The research of earth system science needs to apply large-scale scientific instruments and equipment and ultra-large-scale computing facilities to process PB and TB geo-spatial data sets.
Modern earth system science research involves a large number of multidisciplinary and interdisciplinary problem solving, so it needs a collaborative multidisciplinary resource sharing platform and technical standards and norms for using the platform.
The research of earth system science should not be an isolated behavior, but should be studied together with the world, and the resource sharing platform can participate in the world e-Research and Geo Grid grid construction.
Supercomputing facilities for basic research of earth system science in China are poor, especially in universities, which need to increase investment and integrate our basic research resources.
Establish a basic research platform for earth science supercomputing and geospatial data processing.
Multi-disciplinary resource sharing environment and earth science grid computing environment for the purpose of basic research of earth science.
Develop middleware with super parallel computing, distributed collaborative processing and multidisciplinary resources, as well as related application basic research.
To lay a foundation for participating in a larger national and even world-class research grid R&D. ..
refer to
Wang, Zhao, Qiu, Yin Hongfu. In 2003, the future of earth science education in China was viewed from the implementation of sustainable development strategy. Expert opinion of the Science and Technology Committee of the Ministry of Education,No. 1 1 (25 in total).

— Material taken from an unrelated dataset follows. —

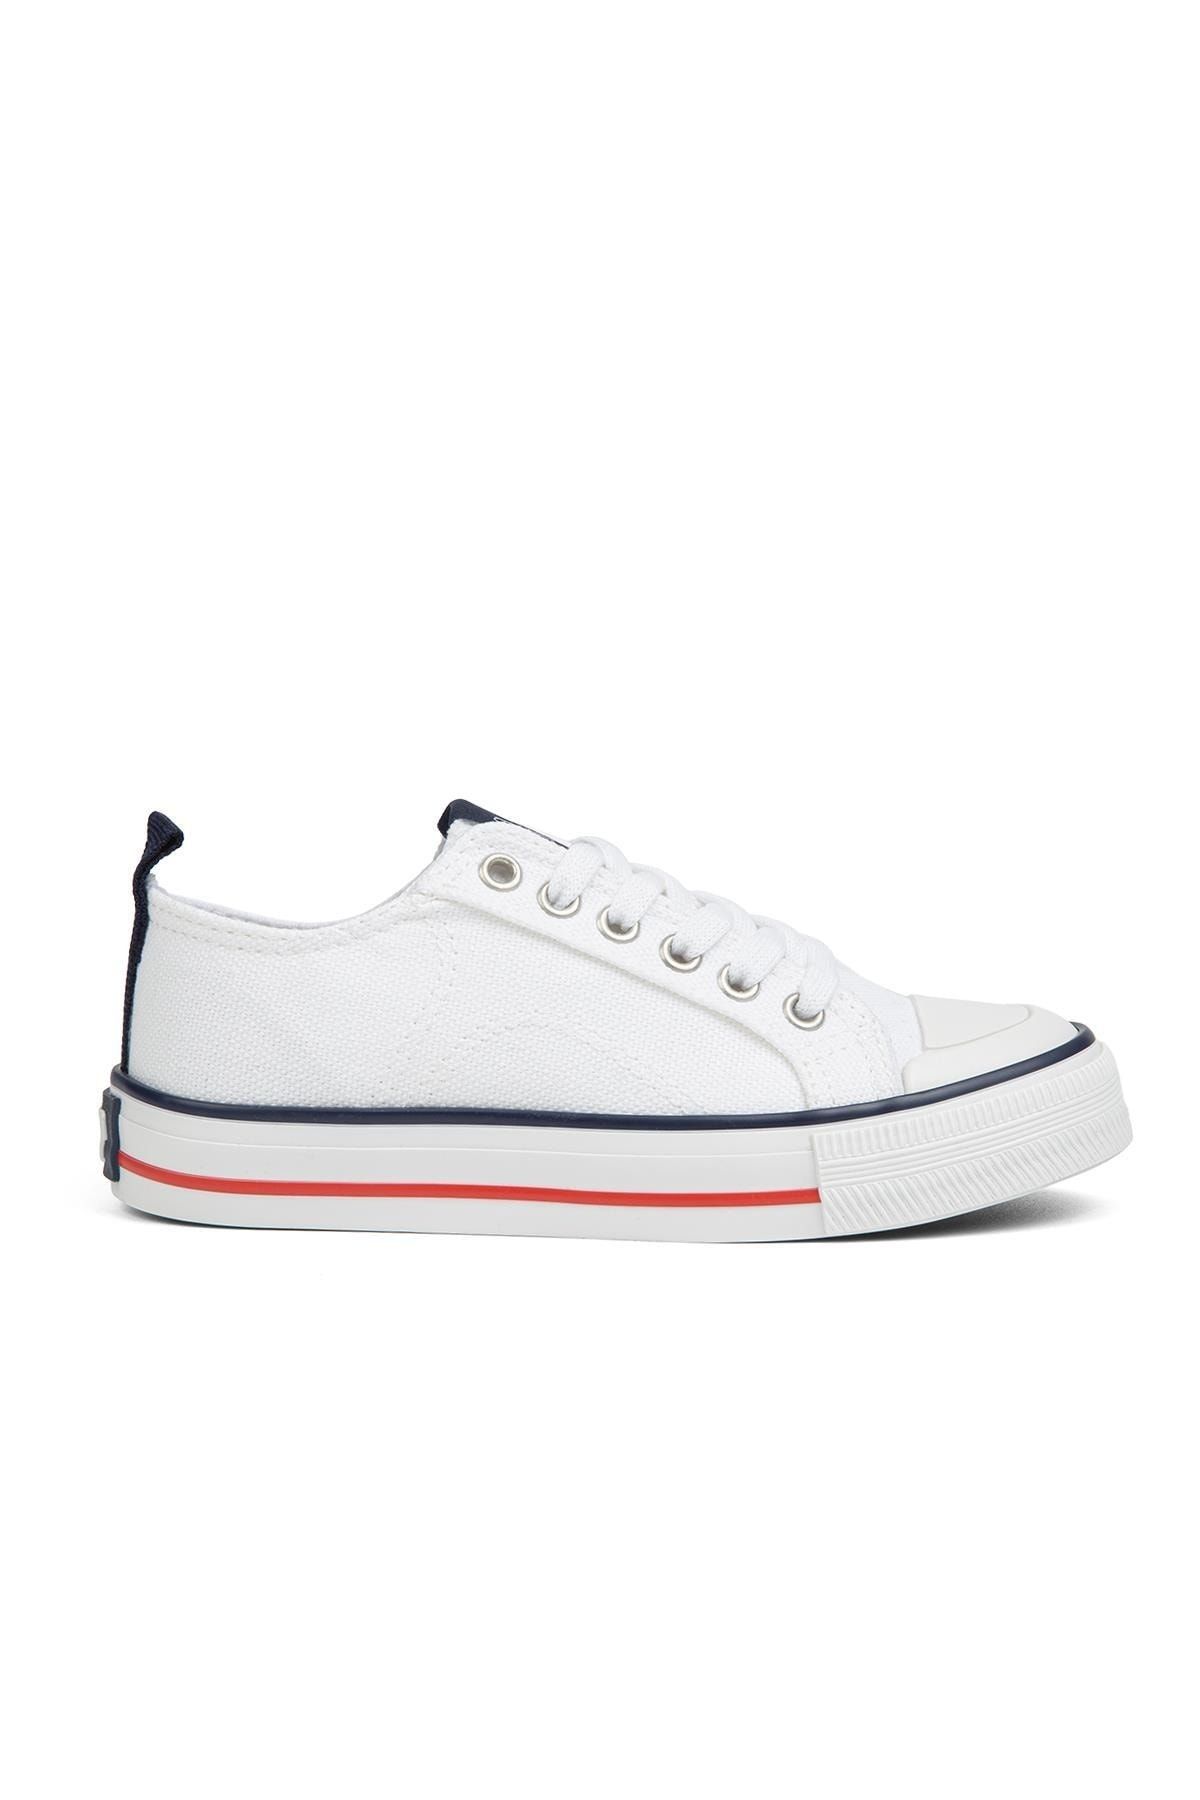 GAP | Gp-1088 Beyaz - Çocuk Spor Ayakkabı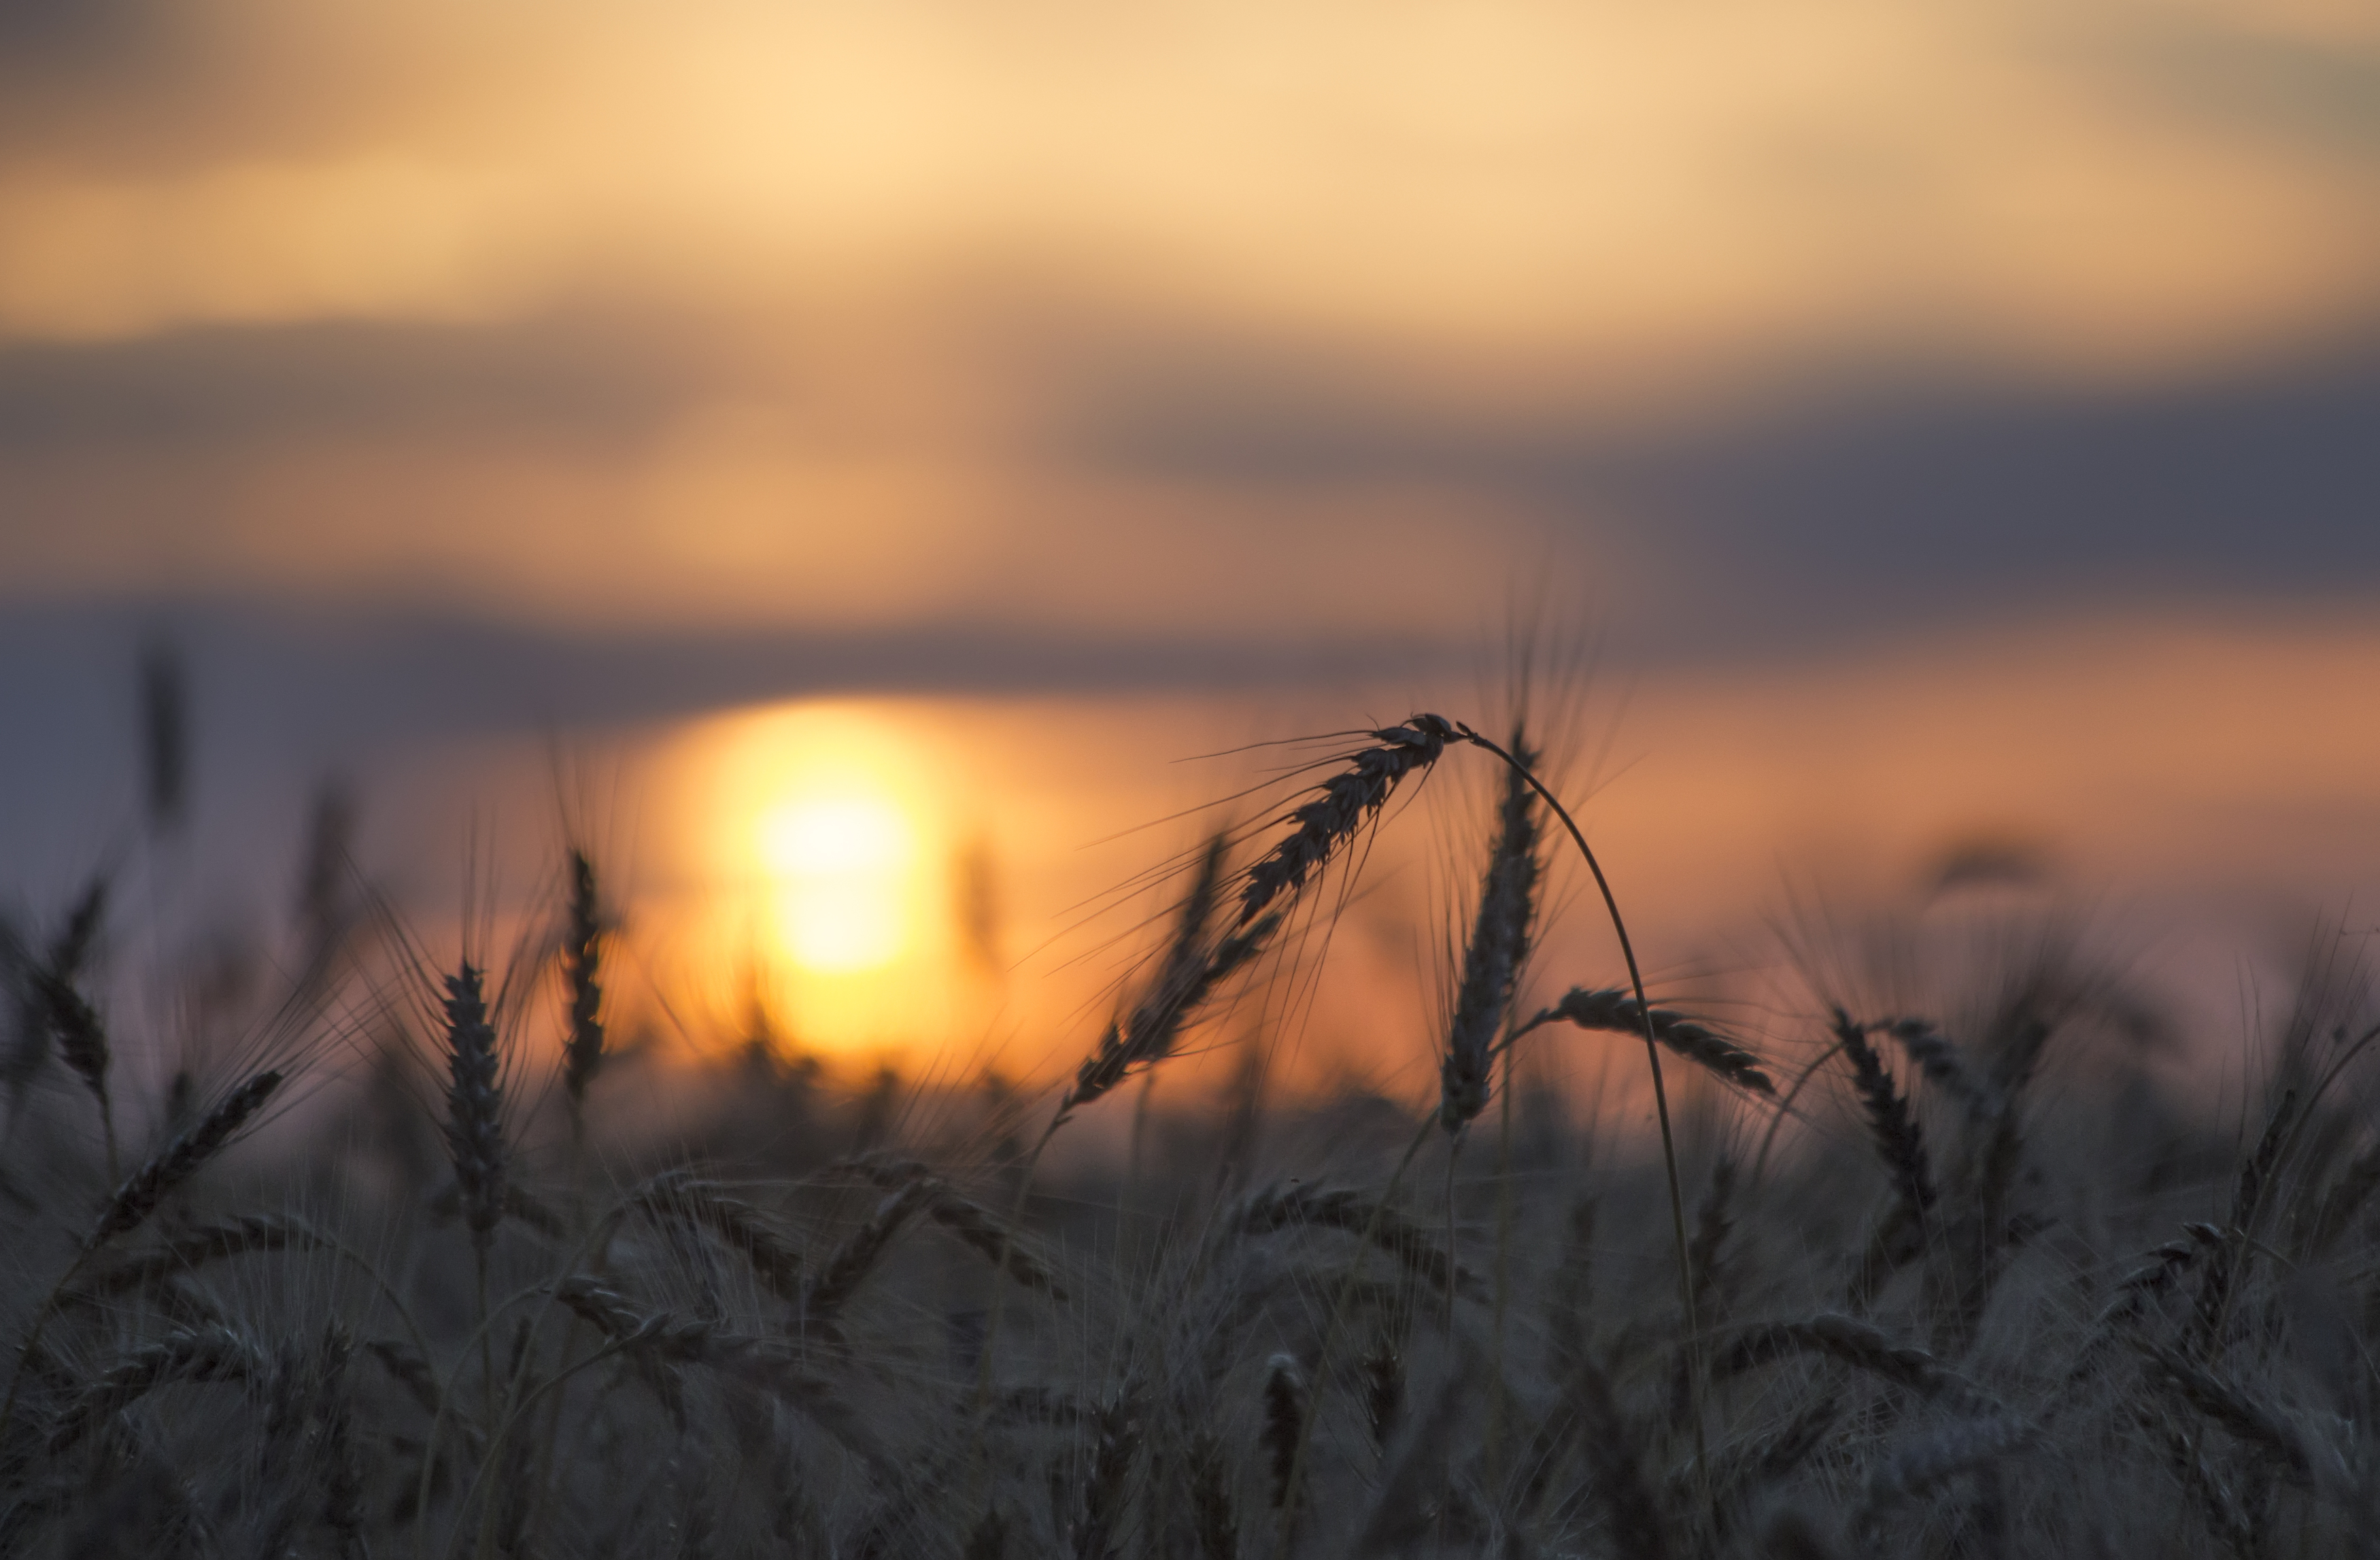 поле, пшеница, рожь, колосья, колоски, солнце, рассвет, закат, луч, природа, утро, рассвет, хлеб, Стасов Виталий

Gong Jianhua, Lin Hui. 200 1. Virtual geographical environment-the geographical perspective of online virtual reality. The frontier of contemporary science. Beijing: Higher Education Press.
Jiang Bin, Bo Huang, Lu Feng. 2002. Spatial analysis and geographical visualization in GIS environment. The frontier of contemporary science. Beijing: Higher Education Press.
Jianguo Wu. 2000. Landscape Ecology-Pattern, Process, Scale and Grade. The frontier of contemporary science. Beijing: Higher Education Press.
Pu Duanliang, Gong Peng. 2000. Hyperspectral remote sensing and its application. The frontier of contemporary science. Beijing: Higher Education Press.
Zhang youxue, yin an. 2002. Structure, evolution and dynamics of the earth. The frontier of contemporary science. Beijing: Higher Education Press.
Chen Changsheng. 2003. Dynamics and model of marine ecosystem. The frontier of contemporary science. Beijing: Higher Education Press.
Length Foster, C.Kesselman.2005 Grid computing (English version). Beijing: Machinery Industry Press.
A. Grama, A. Gupta, G. Karipis and V. Kumar (translated by Zhang Wu, etc.), 2005. Introduction to parallel computing. Beijing: Machinery Industry Press.
J. Douato, S. Aramanchili and L. Ni (translated by Zhang Minxuan et al.), 2004. Parallel computer internet technology--an engineering method. Beijing: Electronic Industry Press.
G.Tel (translated by Huo Hongwei). 2004. Introduction of distributed algorithm. Beijing: Machinery Industry Press.
W. Stalins (translated by Qi, et al.), 2003. High-speed network and internet-performance and quality of service. Beijing: Electronic Industry Press.
R. Buya (translated by Zheng Weimin, etc. ) .2001.High performance cluster computing-structure and system. Beijing: Electronic Industry Press.
R. Buya (translated by Zheng Weimin, etc.). High performance cluster computing-programming and application. Beijing: Electronic Industry Press.